To approximate \( \sqrt[3]{33} \) using the function \( f(x) = 3x \), we first recognize that we want to find the value of \( x \) such that \( f(x) = 33 \).
Given that \( f(x) = 3x \), this leads us to solve:
\[ 3x = 33 \quad \Rightarrow \quad x = \frac{33}{3} = 11 \]
However, since we are interested in finding an approximation for \( \sqrt[3]{33} \), we need to approach the function differently. We'll look for values \( x \) near \( \sqrt[3]{33} \) to find \( f(x) \).
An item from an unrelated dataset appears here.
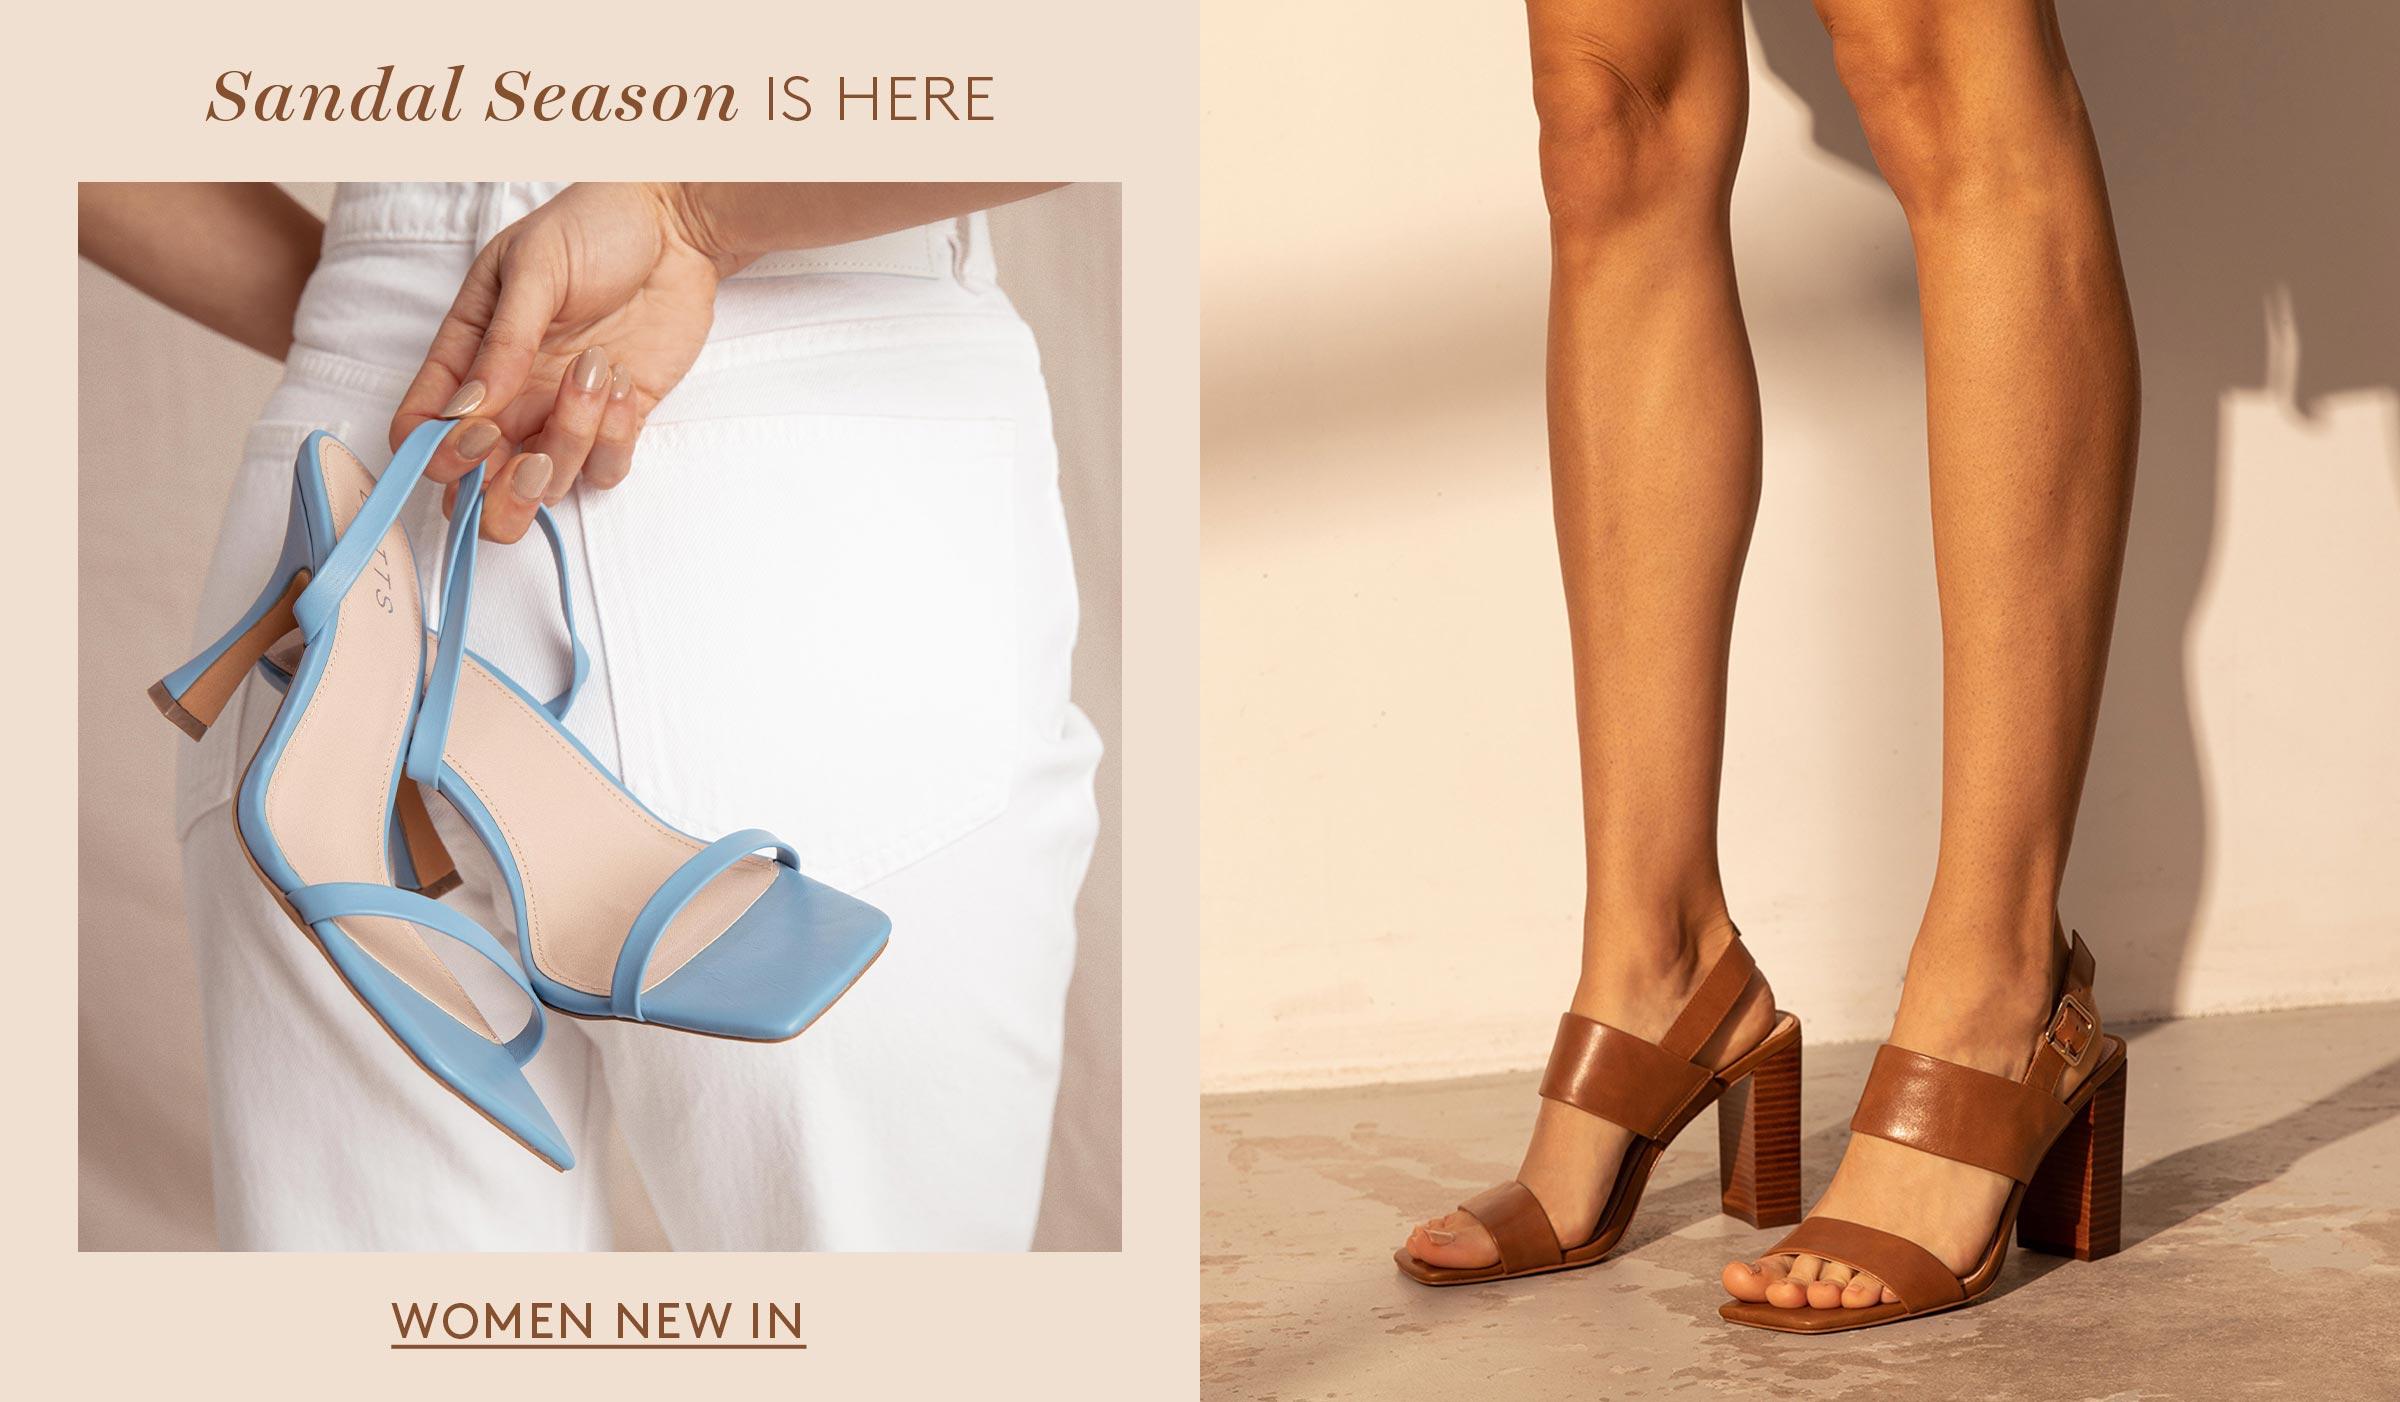 BETTS   Women's Sandals   NEW Arrivals   hmpg banner 2400 x 1402

To start, let's calculate \( \sqrt[3]{33} \) mathematically. We know:
\[ \sqrt[3]{33} \approx 3.208 \]
Now, we'll create a table of values for \( x \) around 3 and calculate \( f(x) = 3x \):
| \( x \) | \( f(x) = 3x \) | |--------------|-------------------| | 3 | 9 | | 3.1 | 9.3 | | 3.2 | 9.6 | | 3.3 | 9.9 | | 3.5 | 10.5 | | 3.6 | 10.8 | | 3.7 | 11.1 | | 3.9 | 11.7 | | 3.1 | 9.3 | | 3.2 | 9.6 | | 3.3 | 9.9 | | 3.4 | 10.2 | | 3.5 | 10.5 | | 3.6 | 10.8 |
Now, since we know \( f(x) = 3x \) more about what we want, notice that this table doesn’t give good convergence towards \( \sqrt[3]{33} \).
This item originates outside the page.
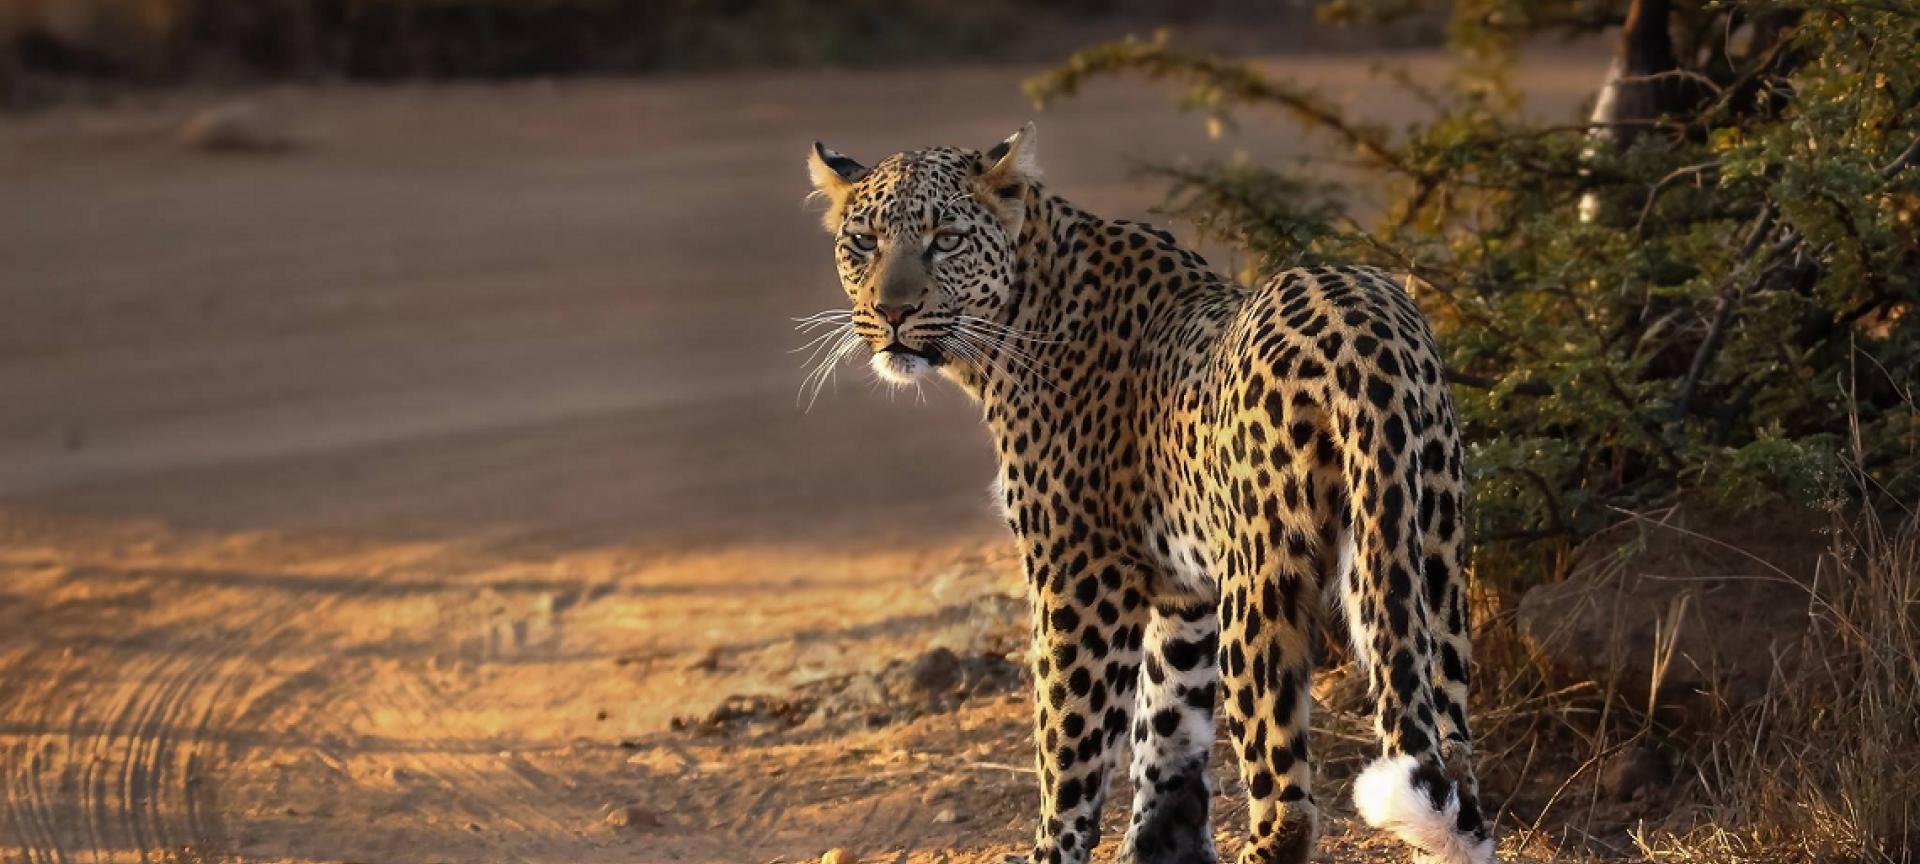 Pilanesberg National Park - Africa Wildlife Safaris

Instead, let's narrow down our values closer to \( \sqrt[3]{33} \approx 3.2 \) to get the output closer to \( 33 \) or 3.208
Here's a better table:
| \( x \) | \( f(x) = 3x \) | |--------------|------------------| | 3.0 | 9 | | 3.1 | 9.3 | | 3.2 | 9.6 | | 3.3 | 9.9 | | 3.4 | 10.2 | | 3.5 | 10.5 | | 3.6 | 10.8 | | 3.7 | 11.1 | | 3.8 | 11.4 | | 3.9 | 11.7 |
We can review f(x) = 3x passing 3.2 where we could expect 33 we check a few.
Based on Table where we know \(3 \cdot 3.3 = 9.9 \), we don't reach it with these inputs.
To improve the accuracy we can work:
\[ 0 < x \to f(x) < 3.3 \]
We find:
If \( x= 3.2 \), f(3.2) = 9.6 < 33 If \( x = 3.3 \), f(3.3)= 9.9 < 33
We see we need to solve \( 3x \) as we know \(10<x \to 11\)
| \( x \) | \( f(x) = 3x \) | |--------------|------------------| | 3.0 | 9 | | 3.2 | 9.6 | | 3.3 | 10.2 | | 3.24 | 10.8 | | 3.28 | 10.8 | | 3.3 | 11.1 |
From the above approximations, we can see enough; as x gets closer to 3.2 the more shift we may compact it.
Thus, with additional iterations, we can further narrow down this value of \( x \) to 3.208.